Open MPI logo

Open MPI User's Mailing List Archives

  |   Home   |   Support   |   FAQ   |   all Open MPI User's mailing list

Subject: Re: [OMPI users] SLURM and OpenMPI
From: Werner Augustin (Werner.Augustin_at_[hidden])
Date: 2008-03-27 08:42:02

On Thu, 20 Mar 2008 16:40:41 -0600
Ralph Castain <rhc_at_[hidden]> wrote:

> I am no slurm expert. However, it is our understanding that
> SLURM_TASKS_PER_NODE means the number of slots allocated to the job,
> not the number of tasks to be executed on each node. So the 4(x2)
> tells us that we have 4 slots on each of two nodes to work with. You
> got 4 slots on each node because you used the -N option, which told
> slurm to assign all slots on that node to this job - I assume you
> have 4 processors on your nodes.

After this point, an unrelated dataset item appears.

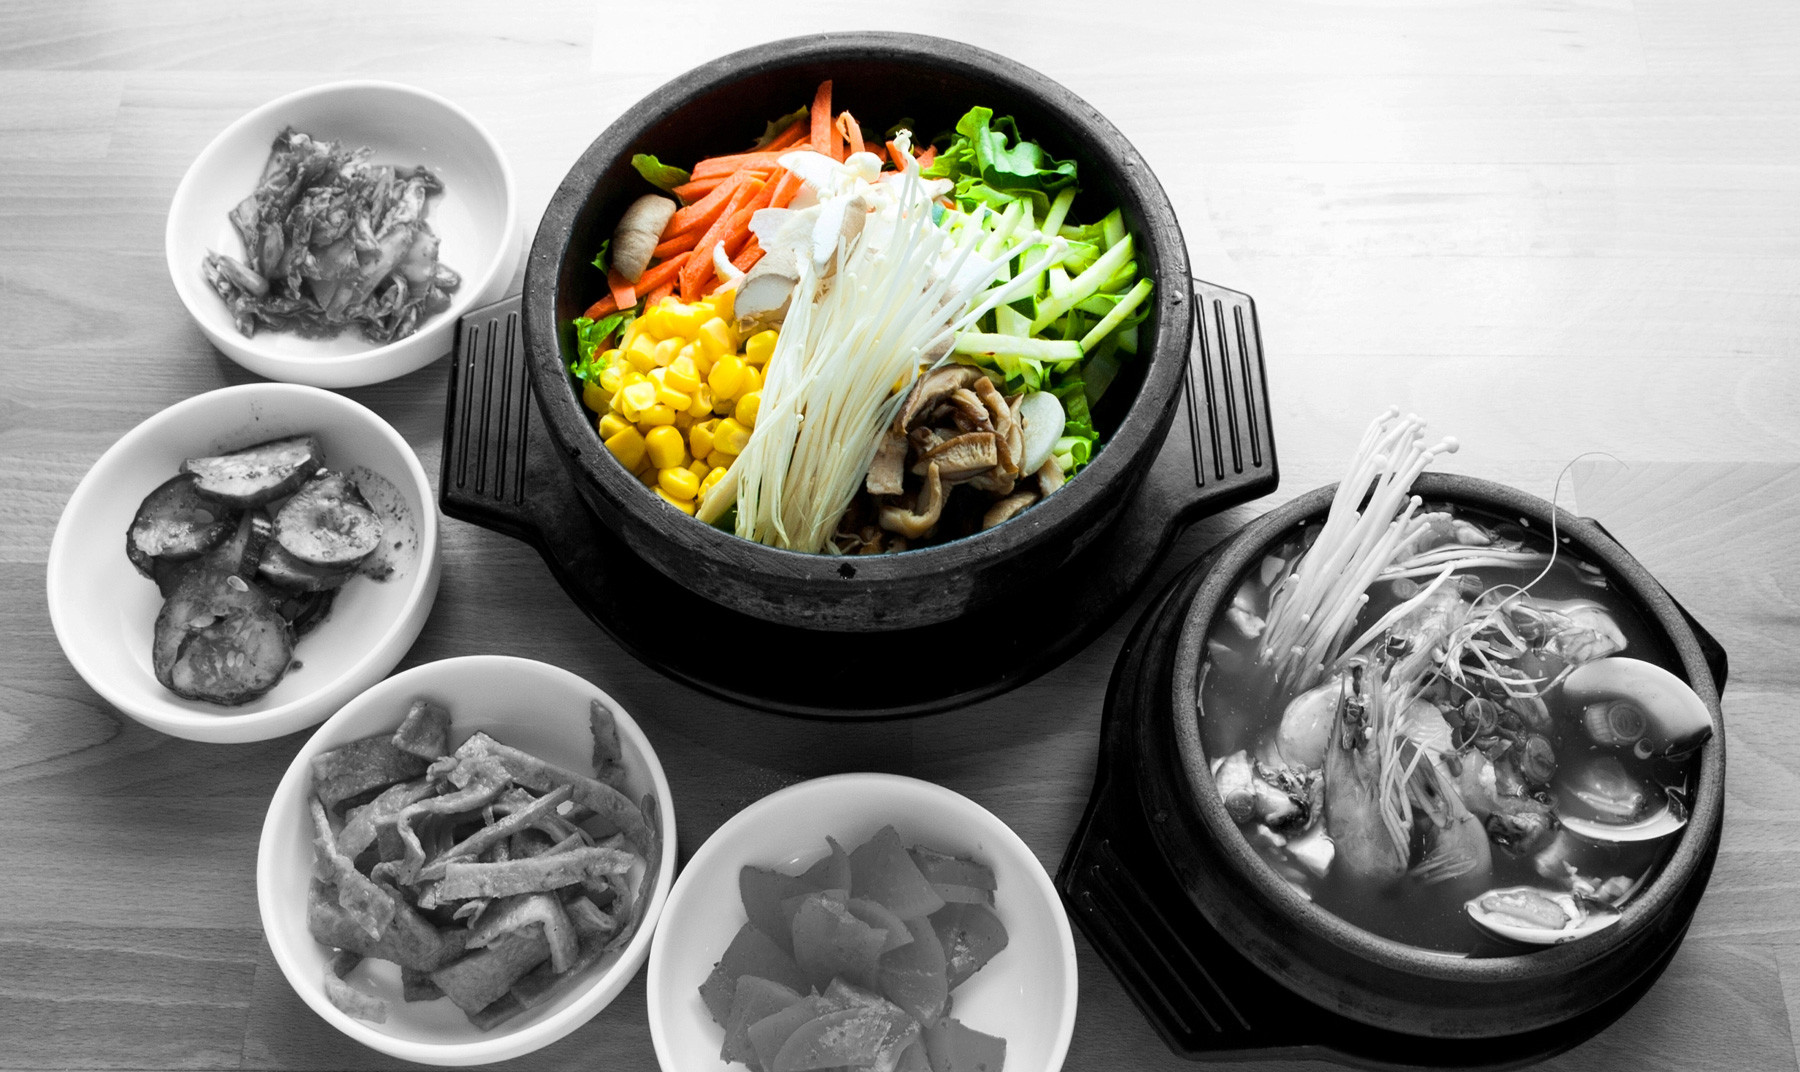 Vege hotstone & Seafood tofu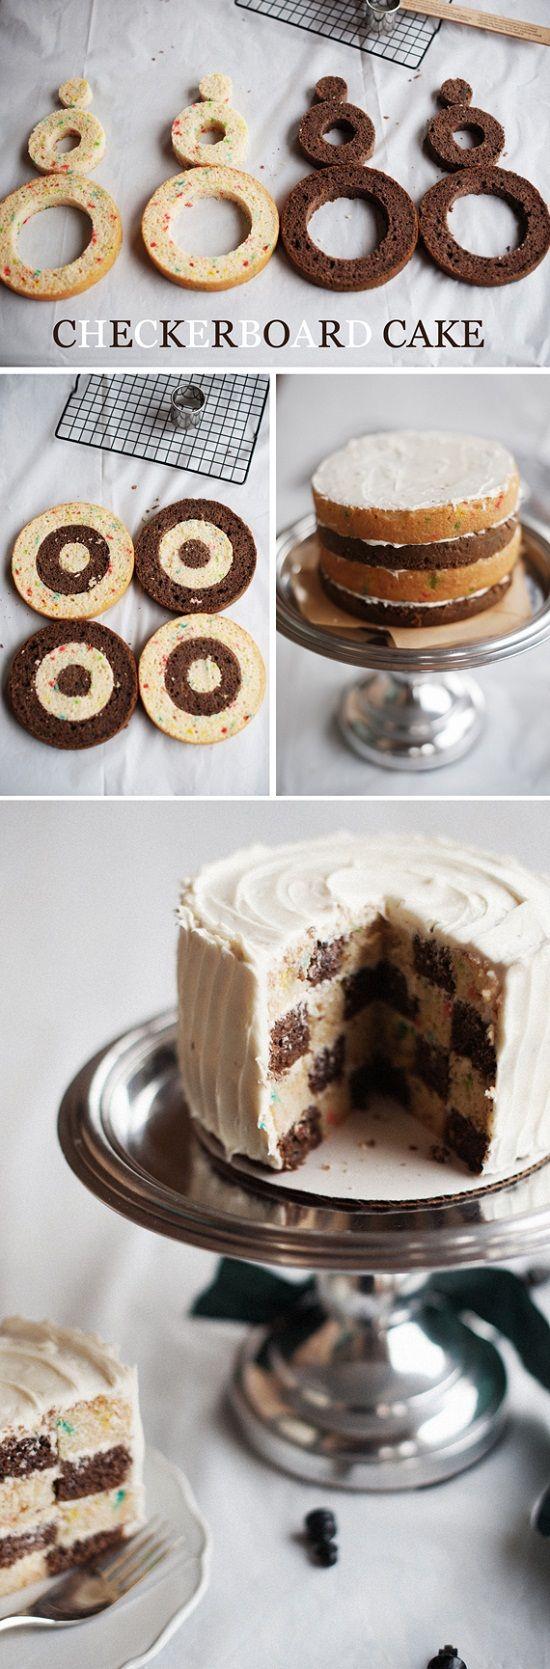 #KatieSheaDesign ??  ? #NationalCakeDay   ~  Simple Checkerboard Birthday Cake - Recipe Simple

OpenMPI parses that string to get
> the allocation, then maps the number of specified processes against
> it.

That was also my interpretation and I was absolutely sure to have read
it a couple of days ago in the srun man-page. In the meantime I
changed my opinion because now it says "Number of tasks to be initiated
on each node" as Tim has quoted. I've no idea, how Tim managed to change
the man-page on my computer ;-)

and there is another variable documented:

              Count of processors available to the job on this node.
Note the select/linear plugin allocates entire nodes to jobs, so
the value indicates the total count of CPUs on the node. The
              select/cons_res plugin allocates individual processors
to jobs, so this number indicates the number of processors on this
node allocated to the job.

Anyway, back to reality: I made some further tests, and the only way to
change the values of SLURM_TASKS_PER_NODE was to tell slurm that node x
has only y cpus in slurm.conf. The variable documented as
SLURM_CPUS_ON_NODE (in 1.0.15 and 1.2.22) doesn't seem to exist in
either version. In 1.2.22 there seems to be SLURM_JOB_CPUS_PER_NODE
which has the same value as SLURM_TASKS_PER_NODE. In a couple of days
I'll try the other allocator plugin which allocates on a cpu base
instead of a node base. And after that it probably would be a good
idea, that somebody (me?) sums up our thread and asks the slurm guys
for their opinion.

> It is possible that the interpretation of SLURM_TASKS_PER_NODE is
> different when used to allocate as opposed to directly launch
> processes. Our typical usage is for someone to do:
> srun -N 2 -A
> mpirun -np 2 helloworld
> In other words, we use srun to create an allocation, and then run
> mpirun separately within it.
> I am therefore unsure what the "-n 2" will do here. If I believe the
> documentation, it would seem to imply that srun will attempt to
> launch two copies of "mpirun -np 2 helloworld", yet your output
> doesn't seem to support that interpretation. It would appear that the
> "-n 2" is being ignored and only one copy of mpirun is being
> launched. I'm no slurm expert, so perhaps that interpretation is
> incorrect.

That indeed happens when you call "srun -N 2 mpirun -np 2 helloworld",
but "srun -N 2 -b mpirun -np 2 helloworld" submits it as a batch-job,
i.e. "mpirun -np 2 helloworld" is executed only once on one of the
allocated nodes and environment variables are set appropriately -- or
at least should be set appropriately -- that a consecutive srun or
an mpirun inside the command does the right thing.